Biochemical changes during PUMA-induced apoptosis are Bax-dependent. (A) Cells with the indicated genotype were infected with Ad-PUMA or Ad-PUMAΔBH3 viruses, harvested at the indicated times, stained with CMXRos, and analyzed by flow cytometry to measure changes in mitochondrial membrane potential (Δψ). FL2 on the x axis reflects the intensity of the CMXRos signal. (B) Lysates from cells indicated genotypes infected with Ad-PUMA (wt) or Ad-PUMAΔBH3 (Δ) were analyzed by immunoblotting, using antibodies specific for the indicated proteins. The intact caspase 9 polypeptide is 46 kDa, whereas a degraded fragment of 37 kDa is detected in cells undergoing apoptosis. Tagged PUMA and PUMAΔBH3 proteins were detected by an antibody to HA. (C) DLD-1 cells were induced to express either PUMA or p53 in the presence or absence of the caspase inhibitor Z-VAD. At the indicated times, cells were assayed for apoptosis by fluorescence microscopy after staining with DAPI.

Figure 5

BAX deficiency rescues PUMA-induced apoptosis. (A) Mitochondrial and cytosolic fractions were prepared from DLD-1 cells in which PUMA had been induced by the removal of doxycycline.

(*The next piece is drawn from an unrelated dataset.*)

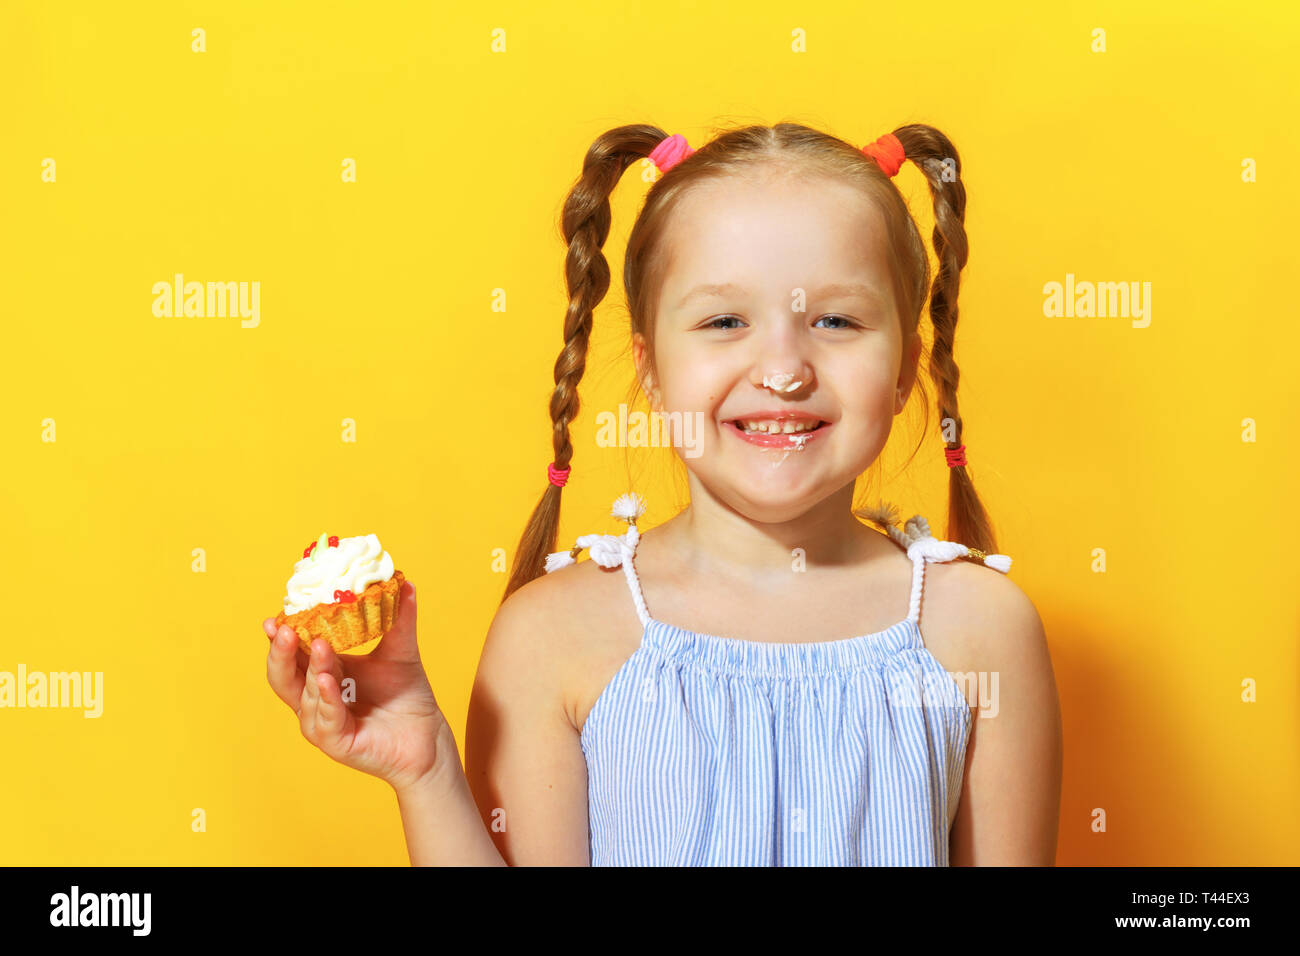 Closeup portrait of a cheerful little sweet tooth girl on a yellow background. The child smeared his nose with cream and holding a cake in his hands. Stock Photo

The fractions were analyzed by immunoblotting with antibodies to the indicated proteins. Cox IV and α-tubulin provided controls for the fractionation. (B) DLD-1 cells in which PUMA had been induced were cross-linked before subcellular fractionation and subjected to immunoblotting with an antibody to Bax. Bax monomers (1X) and multimers (2X–4X) are indicated. (C) Clones with various BAX genotypes were infected with Ad-PUMA (wt) or Ad-PUMAΔBH3 (Δ) for 48 h and the fraction of apoptosis was assessed by fluorescence microscopy of DAPI-stained cells. (D) HCT116 clones with the indicated BAX genotypes were infected with Ad-PUMA (wt) or Ad-PUMAΔBH3 (Δ) for 48 h then diluted into 12-well plates. Colonies were stained with crystal violet 10–14 days later. (E) Model of p53 function during tumorigenesis. As tumors progress to malignancy, they accumulate DNA damage (1). They also outgrow their blood supply, resulting in hypoxia of large regions of the tumors (31). The DNA damage and/or hypoxia activate p53, which transcriptionally activates several genes, including p21, 14-3-3σ, PUMA, and, in some cases, BAX. The cells either arrest or enter into apoptosis, depending on which of the two arms of the pathway is predominant in the particular cell type and microenvironment. Cells with a mutant p53 gene would have a selective growth advantage in either case, because both growth arrest and apoptosis would be diminished in such mutant cells. Although many other genes are induced by p53 (7), the ones included in the model have all been shown to be essential for the indicated downstream effects through gene-targeting experiments in mammalian cells.